Topological photonics aims to utilize topological photonic bands and corresponding edge modes to implement robust light manipulation, which can be readily achieved in the linear regime of light-matter interaction. Importantly, unlike solid-state physics, the common test bed for new ideas in topological physics, topological photonics provides an ideal platform to study wave mixing and other nonlinear interactions. These are well-known topics in classical nonlinear optics but largely unexplored in the context of topological photonics. Here, we investigate nonlinear interactions of one-way edge modes in frequency mixing processes in topological photonic crystals. We present a detailed analysis of the band topology of two-dimensional photonic crystals with hexagonal symmetry and demonstrate that nonlinear optical processes, such as second- and third-harmonic generation, can be conveniently implemented via one-way edge modes in this setup. Moreover, we demonstrate that more exotic phenomena, such as slow-light enhancement of nonlinear interactions and harmonic generation upon interaction of backward-propagating (left-handed) edge modes, can also be realized. Our work opens up new avenues towards topology-protected frequency mixing processes in photonics.

Figure 1

(a) Schematic band structure showing the emergent edge modes due to the nontrivial topology of the bulk frequency bands. The edge modes can couple via SHG and THG frequency mixing processes. (b) Real-space illustration showing the unidirectional propagation of coupled edge modes along the system edge. The red arrow indicates the excitation source of the fundamental wave, whereas the green and blue waves are generated as a result of nonlinear wave mixing.

Figure 2

(a) Unit cell with lattice constant $a$ of the PhC, where $r$ and ${\epsilon }_1$ are the radius and relative permittivity of the cylinders, respectively, and ${\epsilon }_2$ and ${\mu }_i$ are the relative permittivity and off-diagonal component of the relative permeability of the background magnetic material, respectively. (b) The first Brillouin zone with symmetry points $\mathrm{\Gamma }$, $K$, $K^{\prime }$, and $M$. (c) Photonic band structure of the PhC, computed for $r=0.4a$, ${\epsilon }_1=3$, ${\epsilon }_2=18$, and ${\mu }_i=0$. (d) Nontrivial topological bands for ${\mu }_i=0.8$ [other parameters are the same as in (c)], where the Chern number of each band and the gap Chern numbers are provided (except for the last two bands, which touch each other and thus have the same Chern number). (e) Chern-number-graded gap phase diagrams when varying $r$, ${\epsilon }_1$, ${\epsilon }_2$, and ${\mu }_i$, determined for $r=0.4a$, ${\epsilon }_1=3$, ${\epsilon }_2=18$, and ${\mu }_i=0.8$.

Figure 3

(a) Photonic band structure of a 1D PhC strip that is periodic along the $x$ axis and has a finite size of 30 unit cells along the $y$ axis (top and bottom edges are terminated by a perfect electric conductor at $r=0.42a$).

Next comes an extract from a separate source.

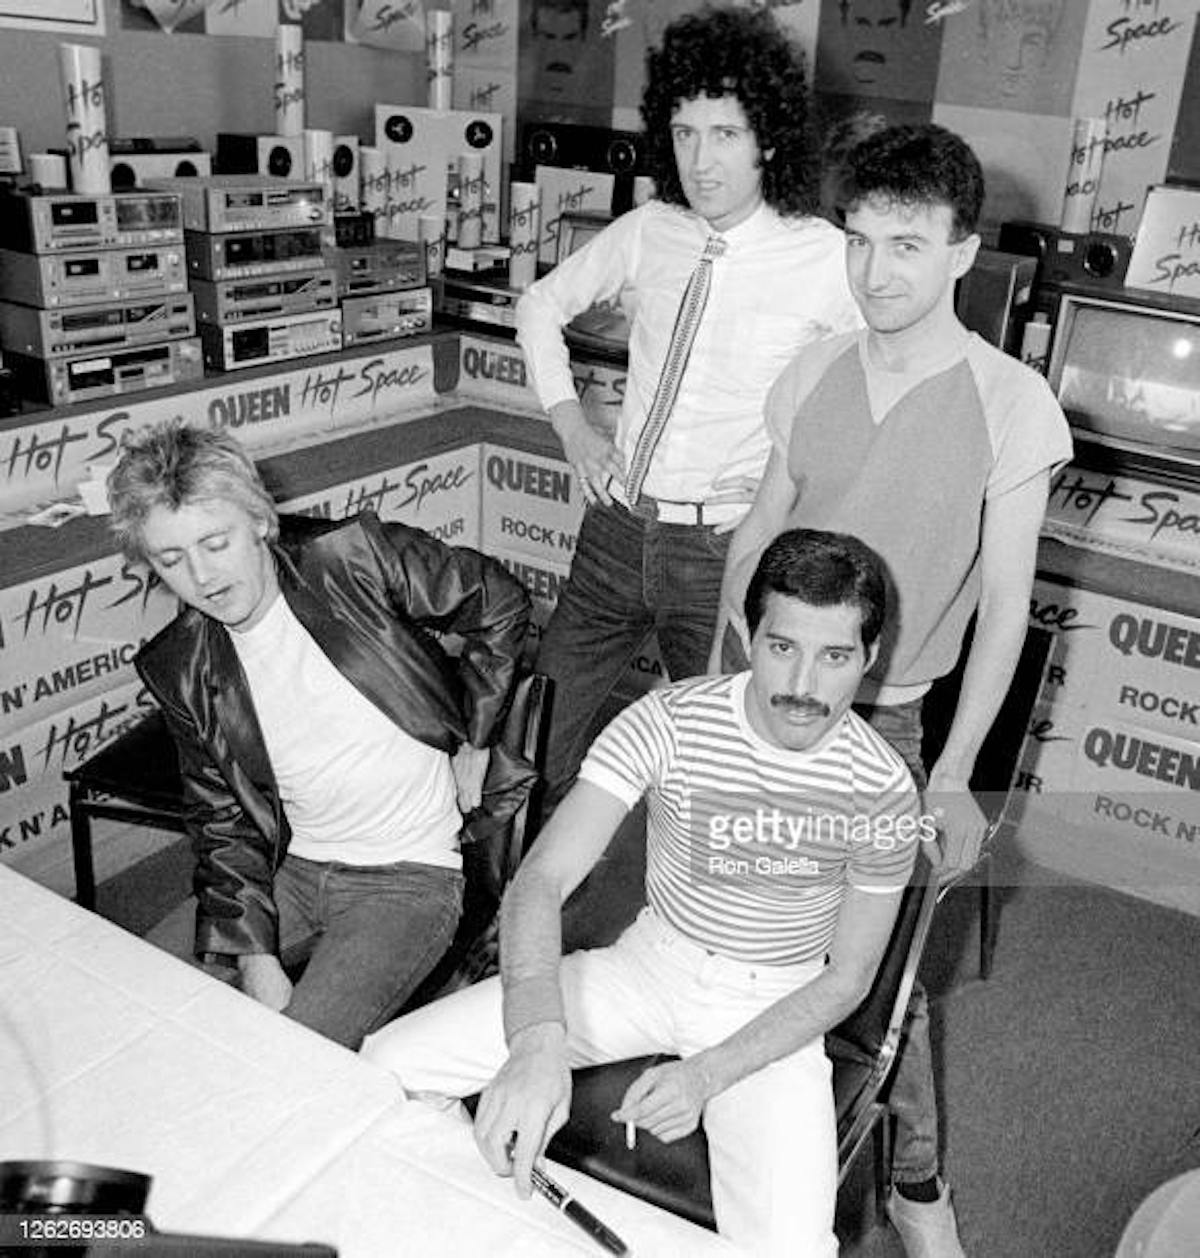 Roger Taylor, Brian May, John Deacon et Freddie Mercury de Queen assistent à la soirée d'album "Hot Space" au Crazy Eddie's à New York le 27 juillet 1982. (Photo de Ron Galella/Ron Galella Collection via Getty Images)
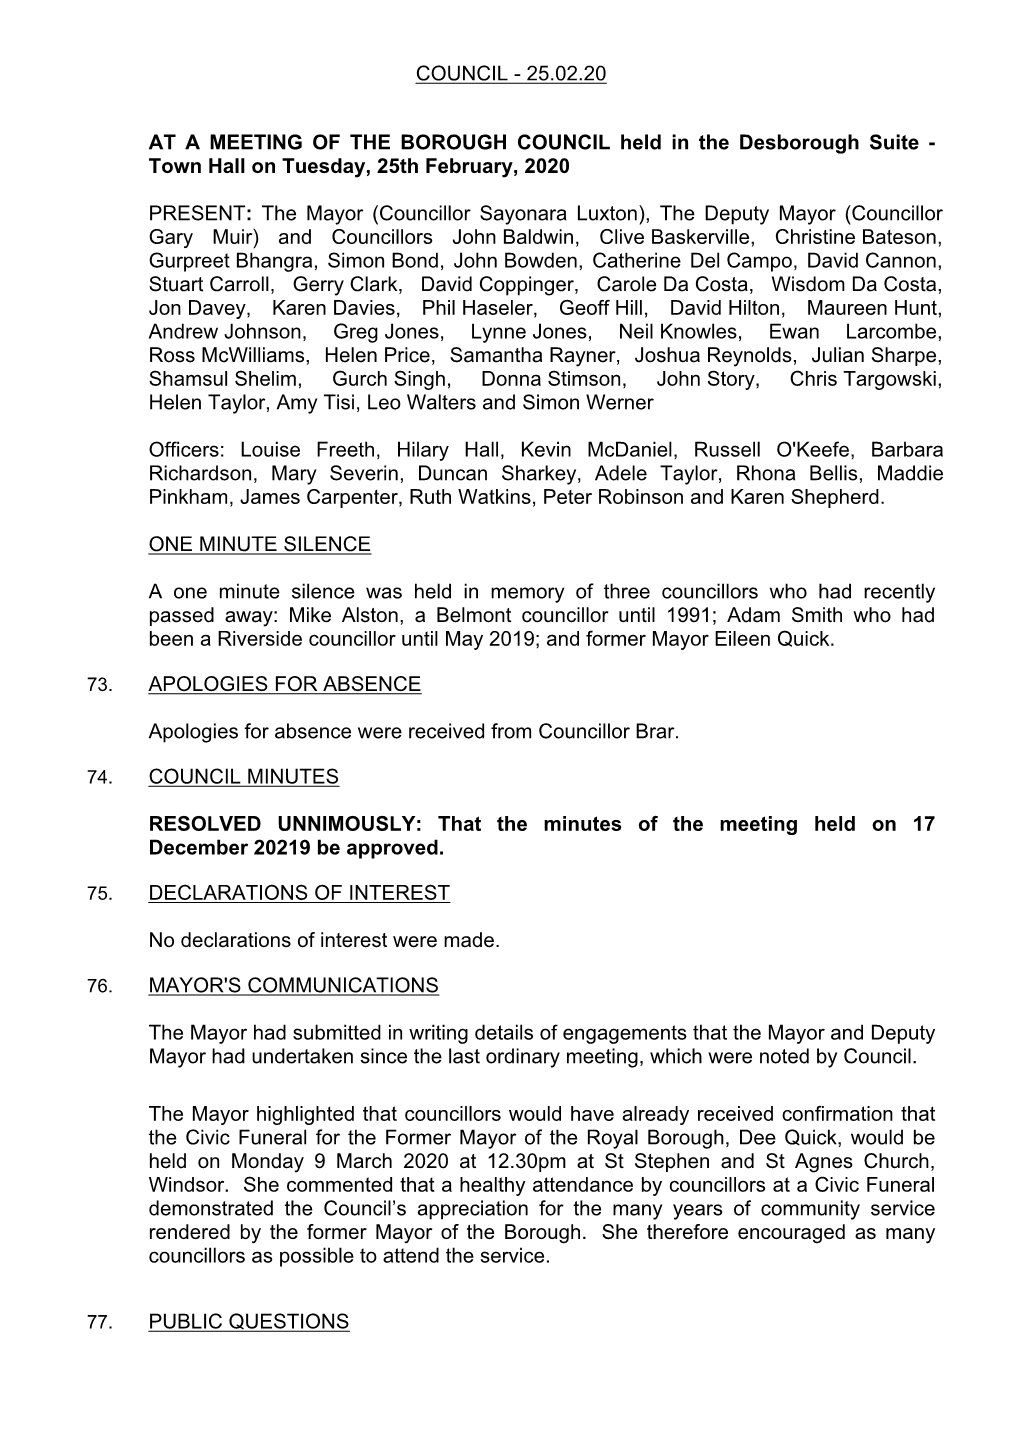 Council Minutes PDF 424 KB

Other simulation parameters are ${\epsilon }_1=3$, ${\epsilon }_2=20$, and ${\mu }_i=0.8$. Edge modes in the three gaps around $\overline{\omega }=0.2$, 0.4, and 0.6 are depicted by red and blue lines and are formed at the top and bottom edges of the PhC, respectively. (b) Field profiles of the three one-way edge modes at $\overline{\omega }=0.2$, 0.4, and 0.6 of the top edge. Exponential decay of the field around the PhC edge can be observed (integers indicate the number of unit cells). (c) Dispersion curves of edge modes can be tailored by changing the edge termination, as indicated in the sketch.

Figure 4

(a–c) Simulated field profile intensities of ${\mathbf{E}}_1$, ${\mathbf{E}}_2$, and ${\mathbf{E}}_3$ at $\overline{\omega }=0.2$, ${\overline{\mathrm{\Omega }}}_2=2\overline{\omega }=0.4$, and ${\overline{\mathrm{\Omega }}}_3=3\overline{\omega }=0.6$, respectively, where ${\mathbf{E}}_1$ is induced by an external source indicated by an arrow, whereas ${\mathbf{E}}_2$ and ${\mathbf{E}}_3$ are generated by the corresponding nonlinear polarizations. SHG and THG are simulated separately with ${\chi }^{\left(2\right)}={10}^{-21}$ C ${\mathrm{V}}^{-2}$ and ${\chi }^{\left(3\right)}={10}^{-30}$ C m ${\mathrm{V}}^{-3}$. In the simulations, the absorbing boundary condition (ABC) is used for the left edge and PEC for the other edges. (d–f) Detailed analysis of SHG, where (d) shows the field intensity profile and power ${\overline{P}}_2$ (normalized by its peak value) at SH in a much larger simulation domain so as to resolve the oscillations of ${\overline{P}}_2$ due to the small phase mismatch $\mathrm{\Delta }\overline{k}$ of the edge modes at FF $\overline{\omega }=0.2$ and SH ${\overline{\mathrm{\Omega }}}_2=0.4$ (dotted and solid lines correspond to full numerical simulations and CMT, respectively); (e) shows the edge modes at FF ${\omega }_0$ (plotted in terms of $2{\omega }_0$) and, for SHG, ${\mathrm{\Omega }}_2$; and (f) shows the effect of phase matching, where the theoretically calculated ${\mathrm{\Lambda }}_2=2\pi /\mathrm{\Delta }\overline{k}$ and numerically extracted oscillation period of ${\mathbf{E}}_2$ are in excellent agreement. The $\overline{\omega }\left(\mathrm{\Delta }\overline{k}\right)$ curve is calculated according to the edge modes presented in (e). (g–i) Results corresponding to (d)–(f), respectively, but calculated for the THG. (j) Illustration of the effect of a structural defect (simulated as the thin PEC rectangle) on the SHG interaction of topologically protected modes. Compared to the defect-free case shown in (d), one can see that the oscillation period of the amplitude of the second-harmonic mode after bypassing the defect is the same as that in (d).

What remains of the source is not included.